■ **Exercise instructions**
Beginning with the line that holds "Dieser von David" and ending with the last line below, repeat each line exactly, leaving any pictures out.

■ **Material provided**
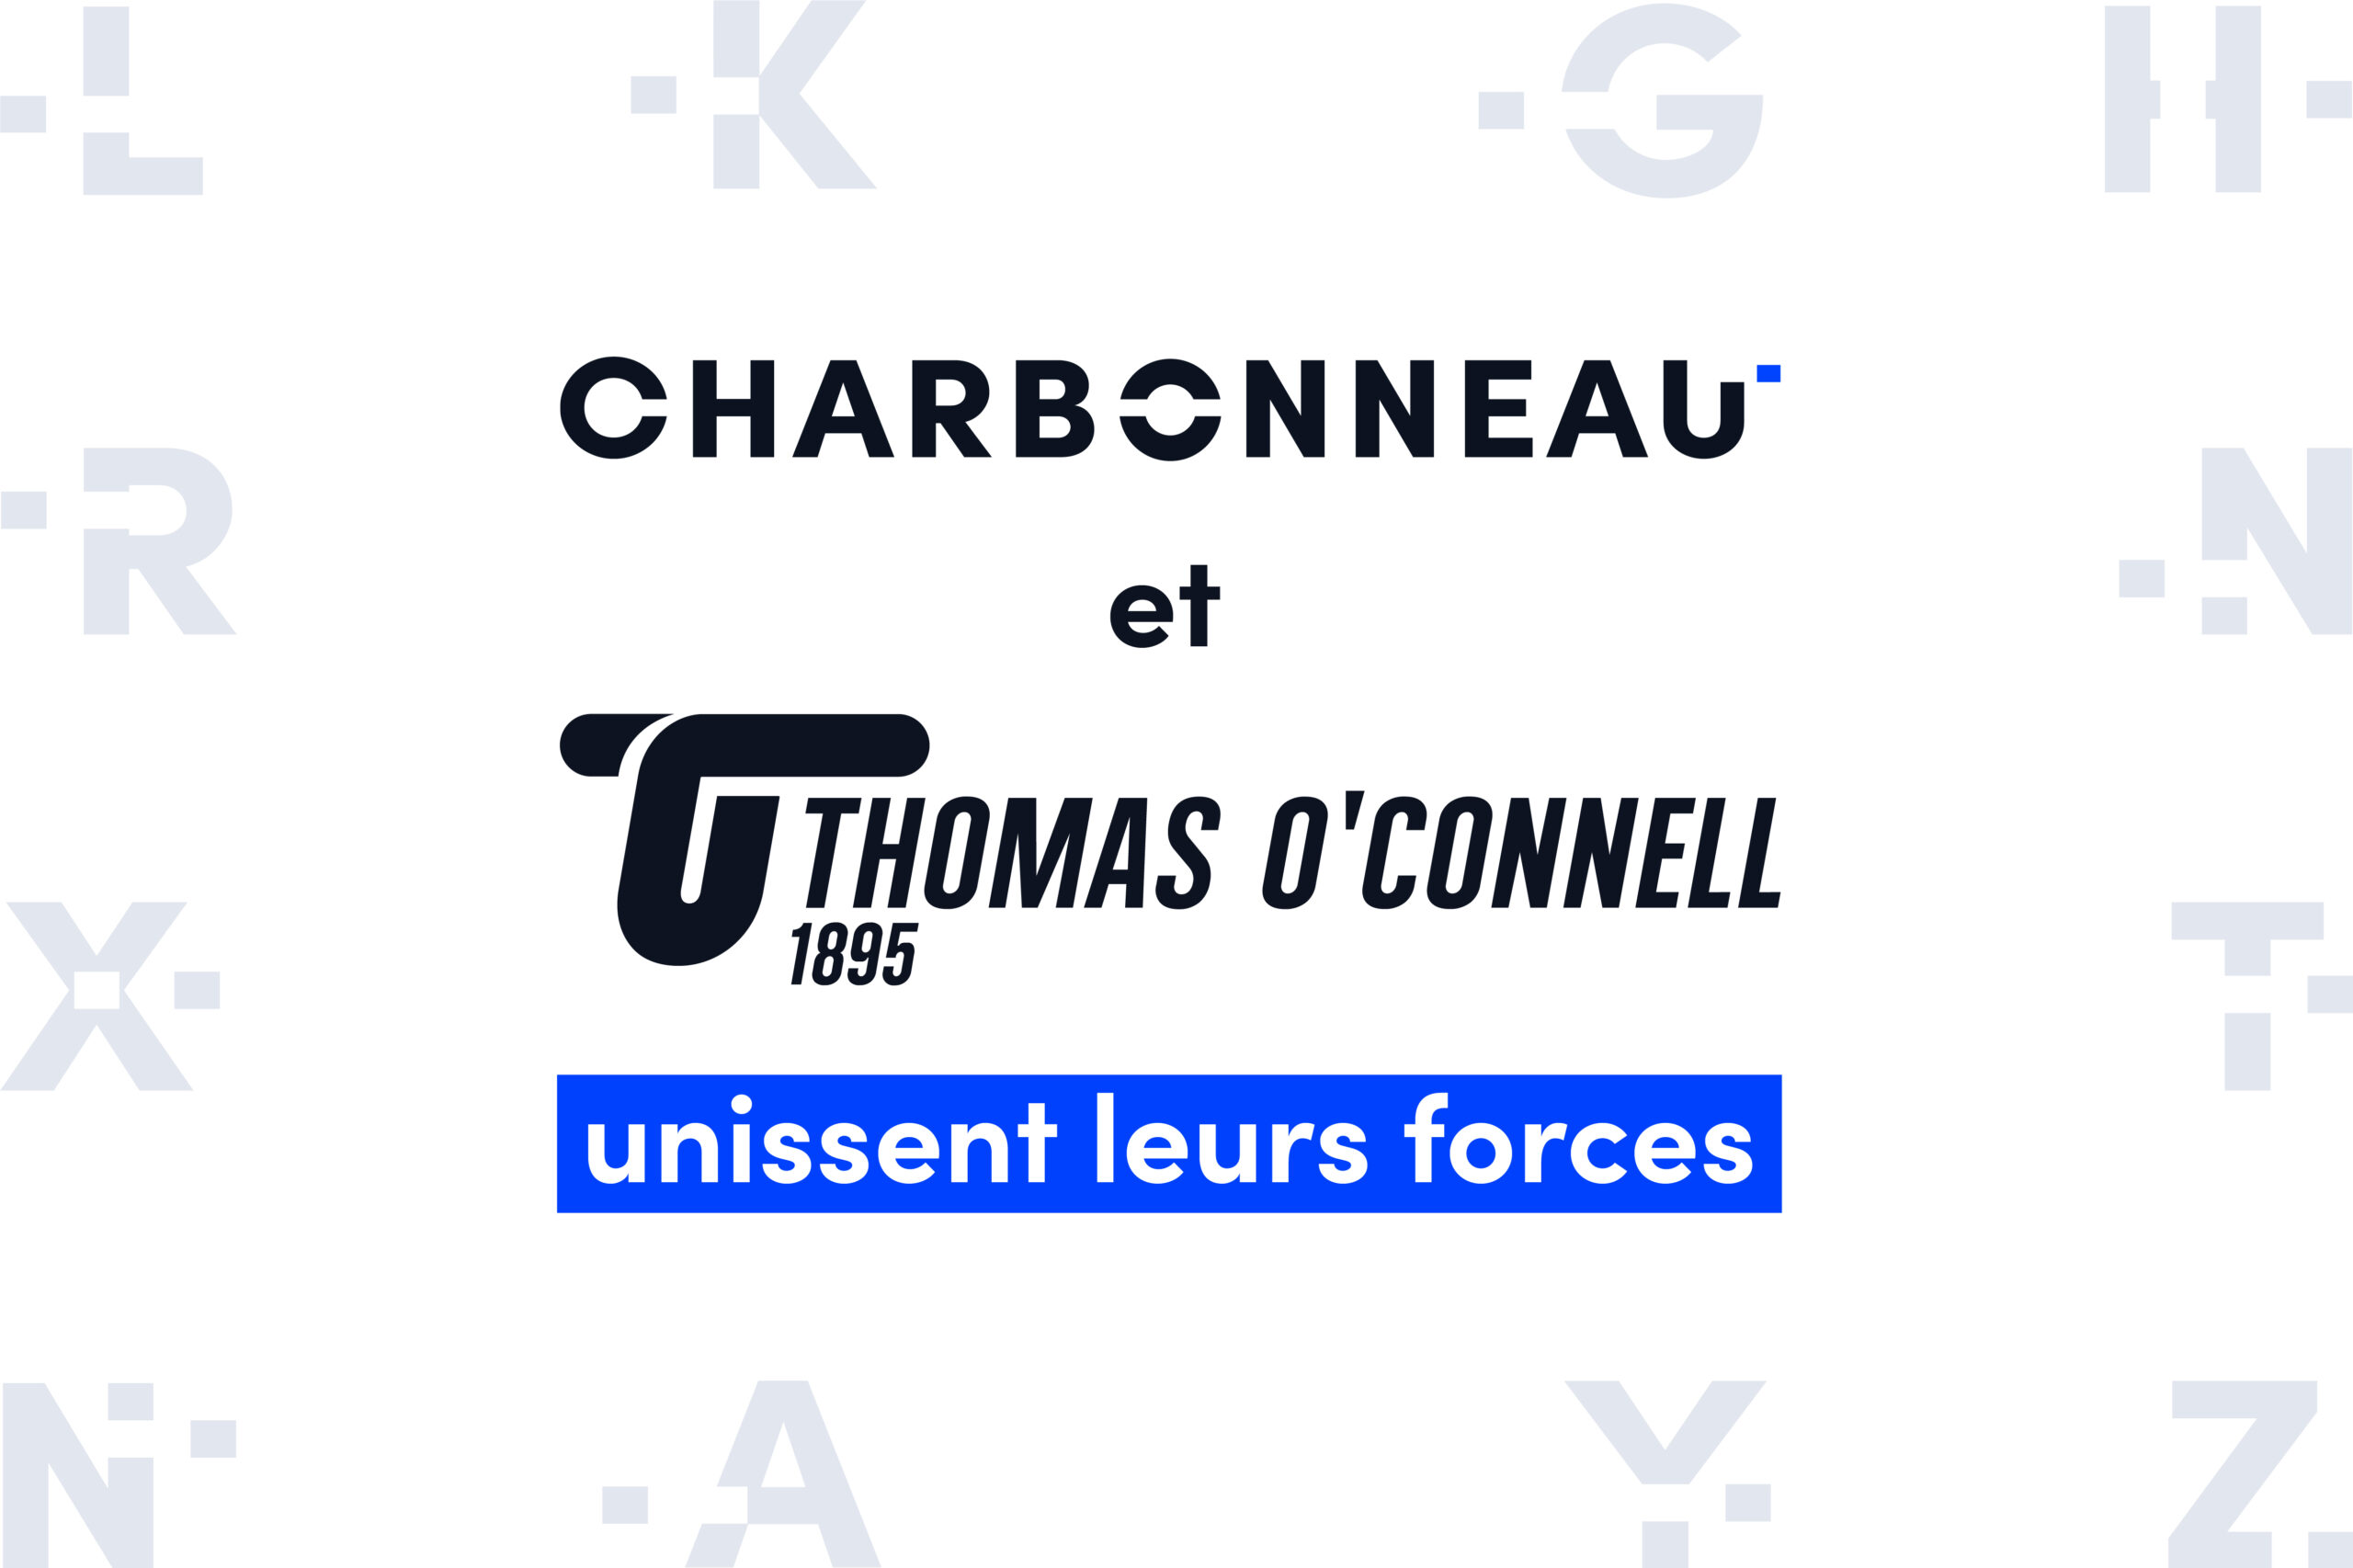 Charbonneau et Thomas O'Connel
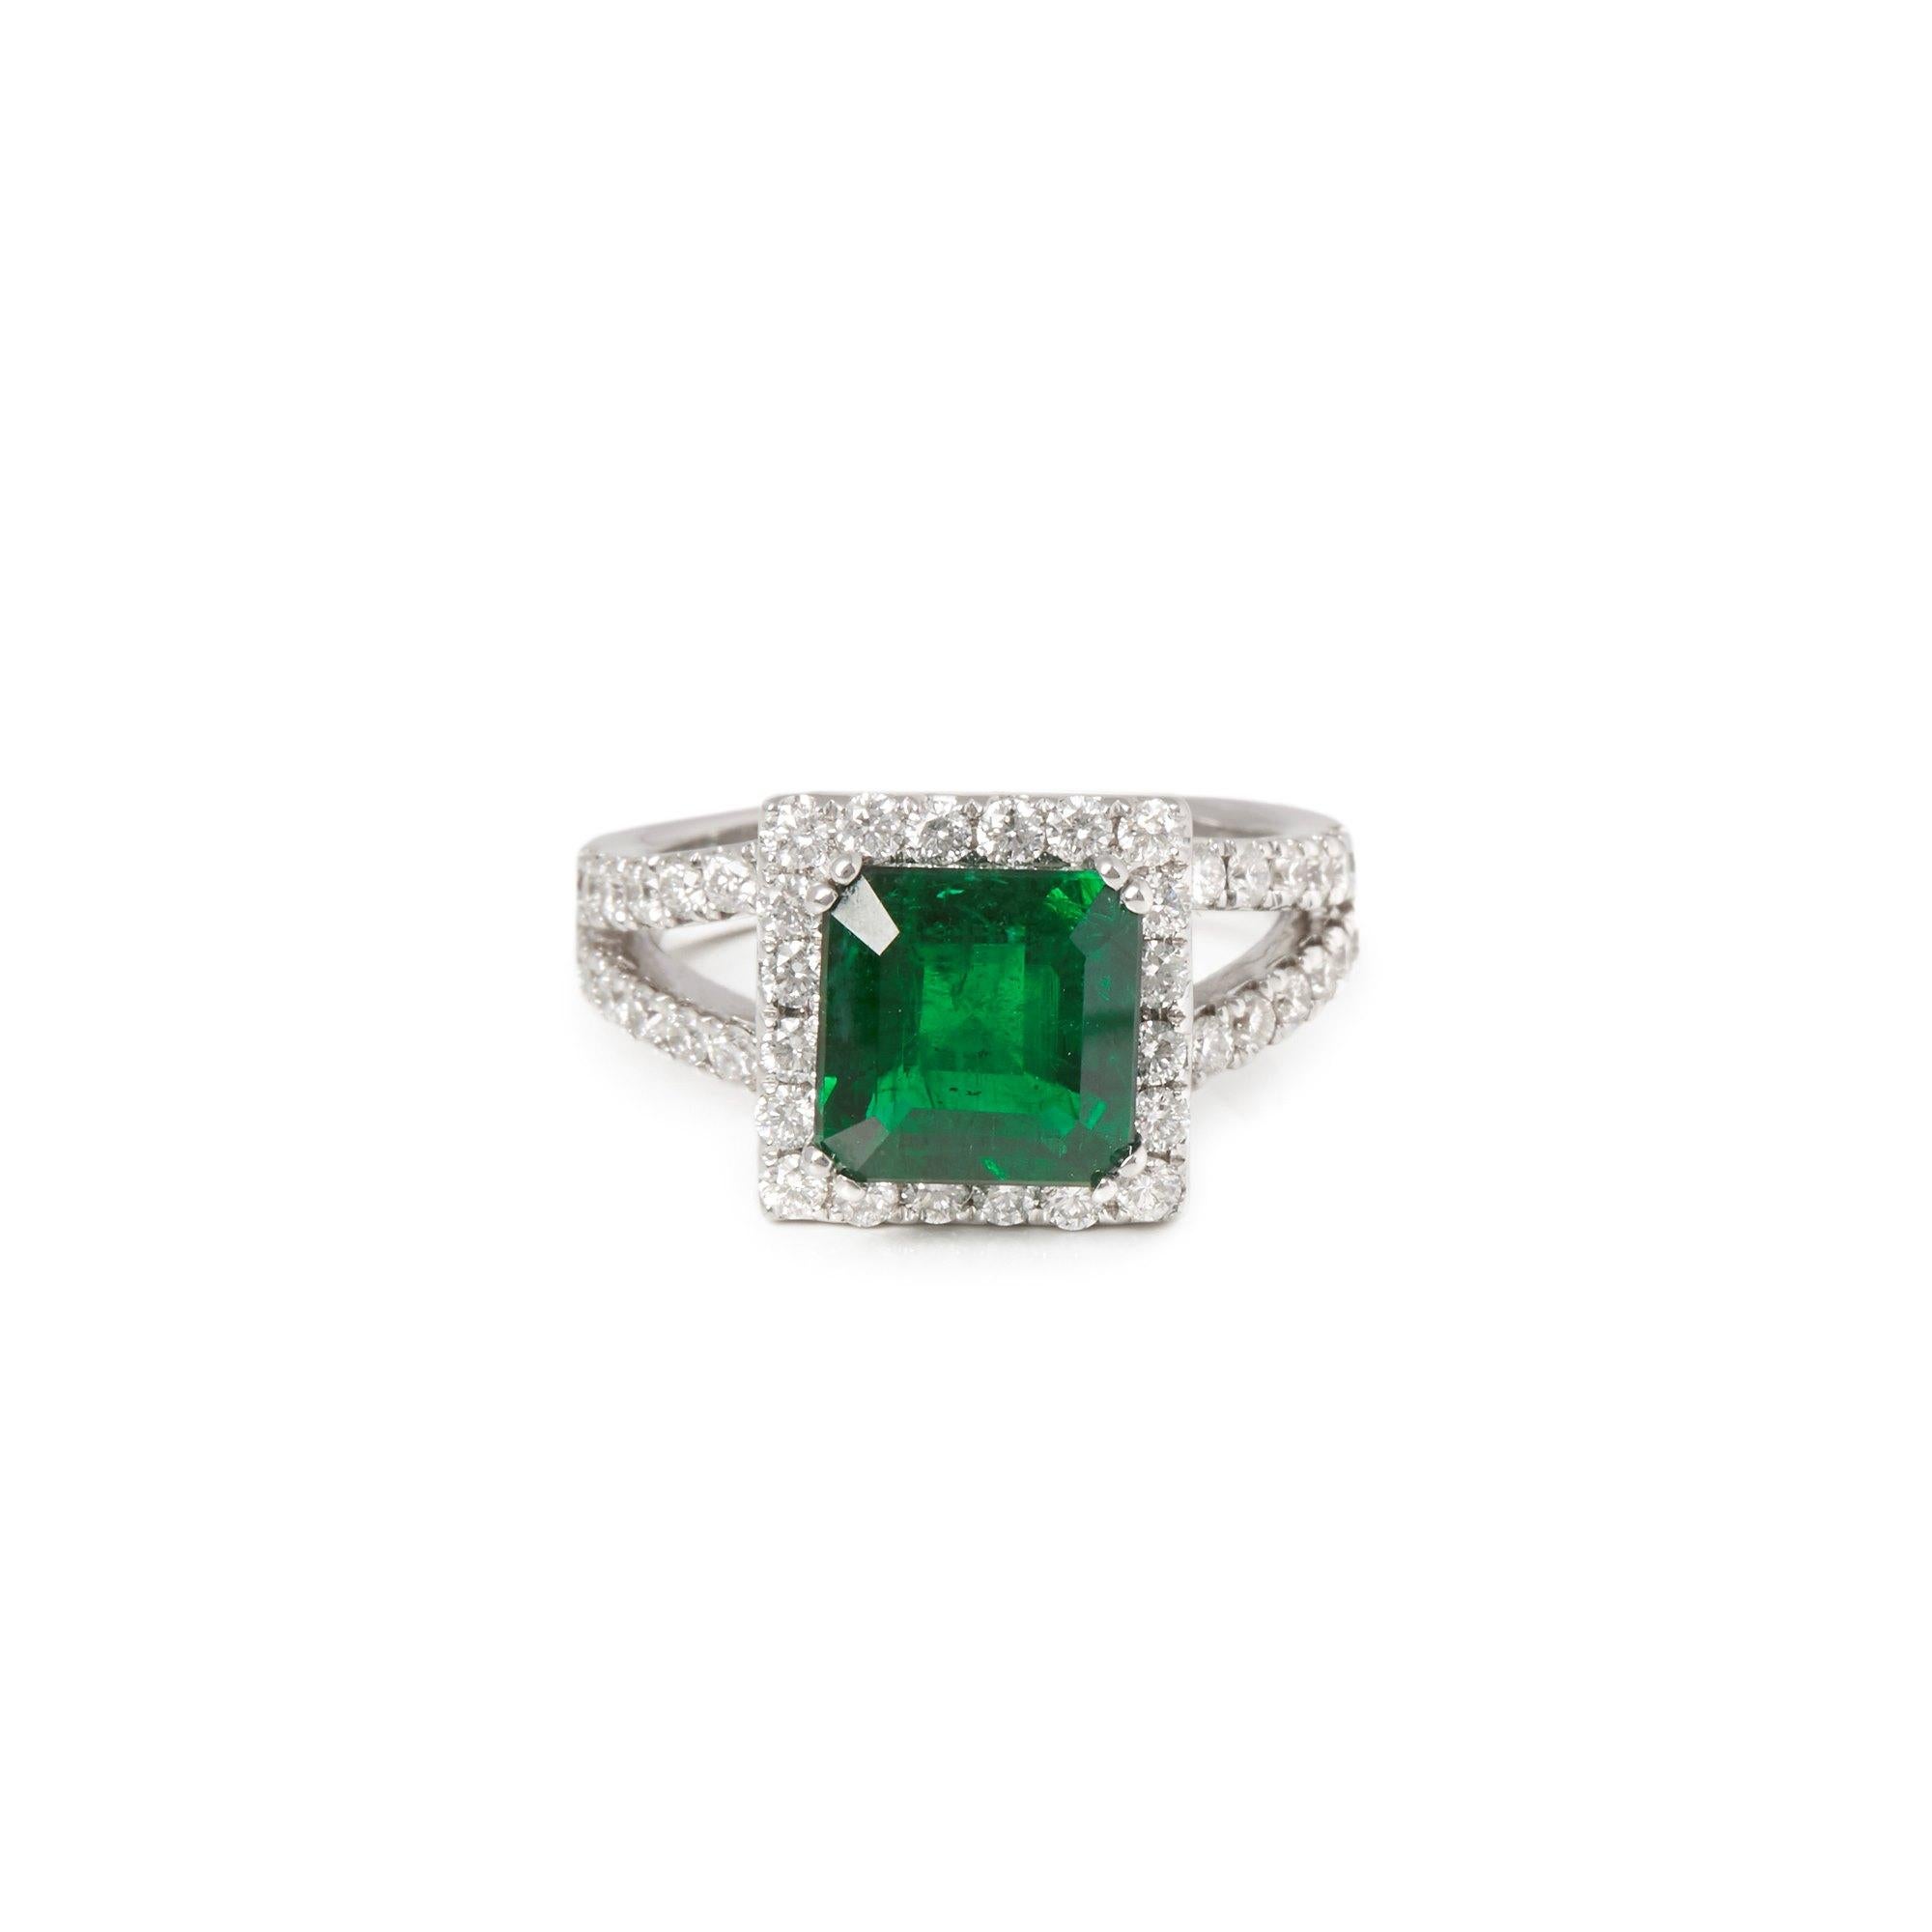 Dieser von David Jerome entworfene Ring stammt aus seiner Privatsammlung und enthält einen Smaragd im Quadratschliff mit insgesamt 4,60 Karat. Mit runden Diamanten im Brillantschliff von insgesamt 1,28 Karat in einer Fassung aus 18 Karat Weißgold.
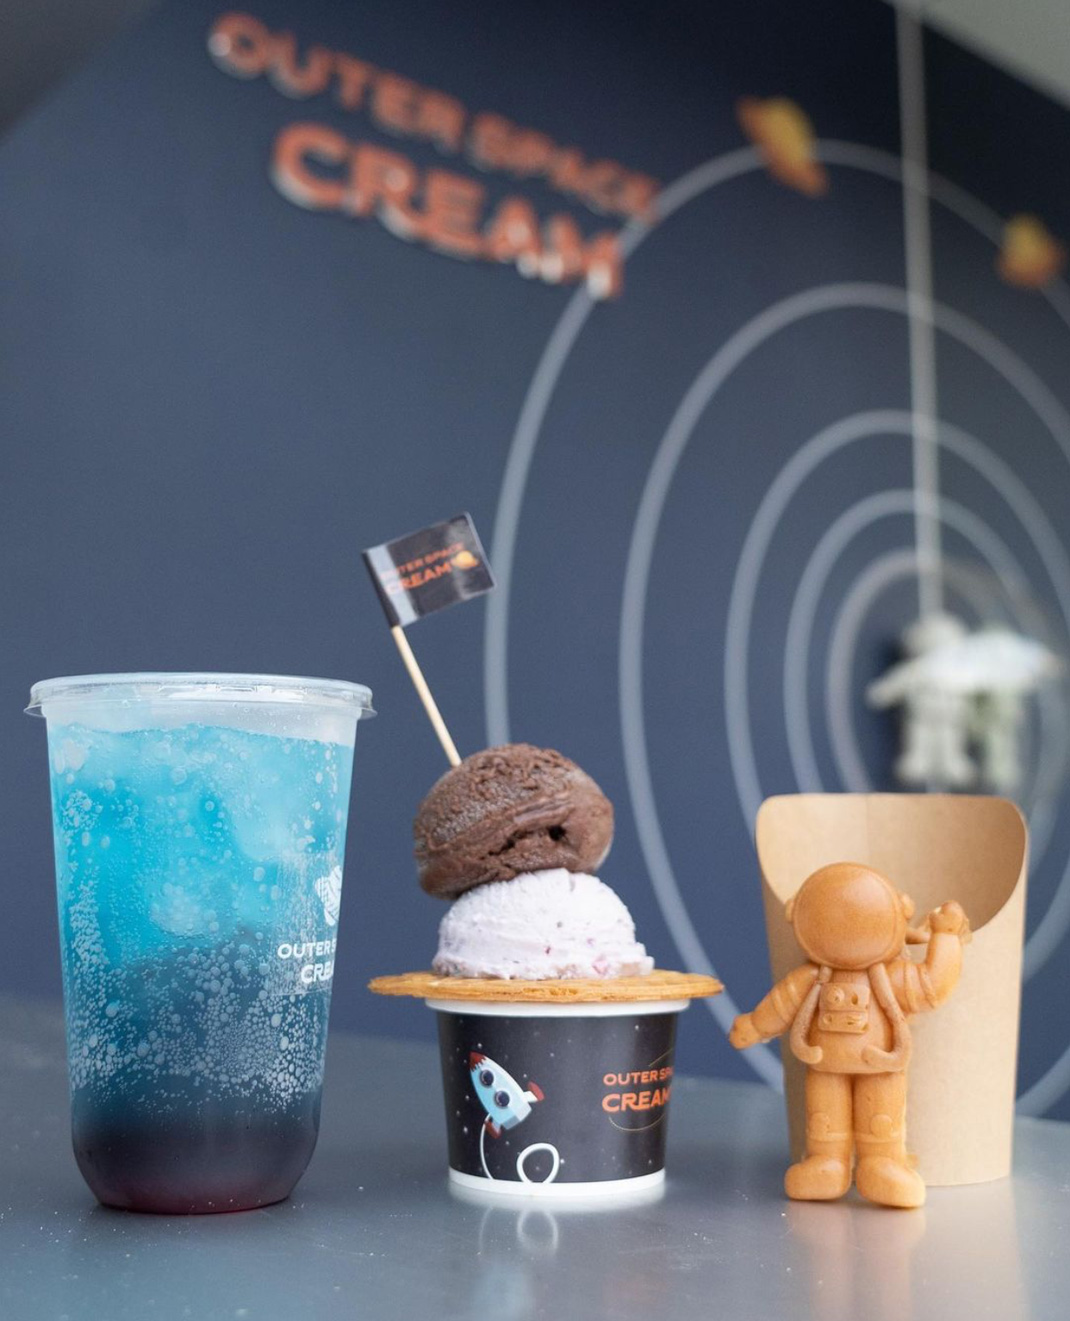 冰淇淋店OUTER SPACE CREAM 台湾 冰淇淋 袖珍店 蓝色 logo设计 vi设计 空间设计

■ **Solution**
 Dieser von David Jerome entworfene Ring stammt aus seiner Privatsammlung und enthält einen Smaragd im Quadratschliff mit insgesamt 4,60 Karat. Mit runden Diamanten im Brillantschliff von insgesamt 1,28 Karat in einer Fassung aus 18 Karat Weißgold.
 冰淇淋店OUTER SPACE CREAM 台湾 冰淇淋 袖珍店 蓝色 logo设计 vi设计 空间设计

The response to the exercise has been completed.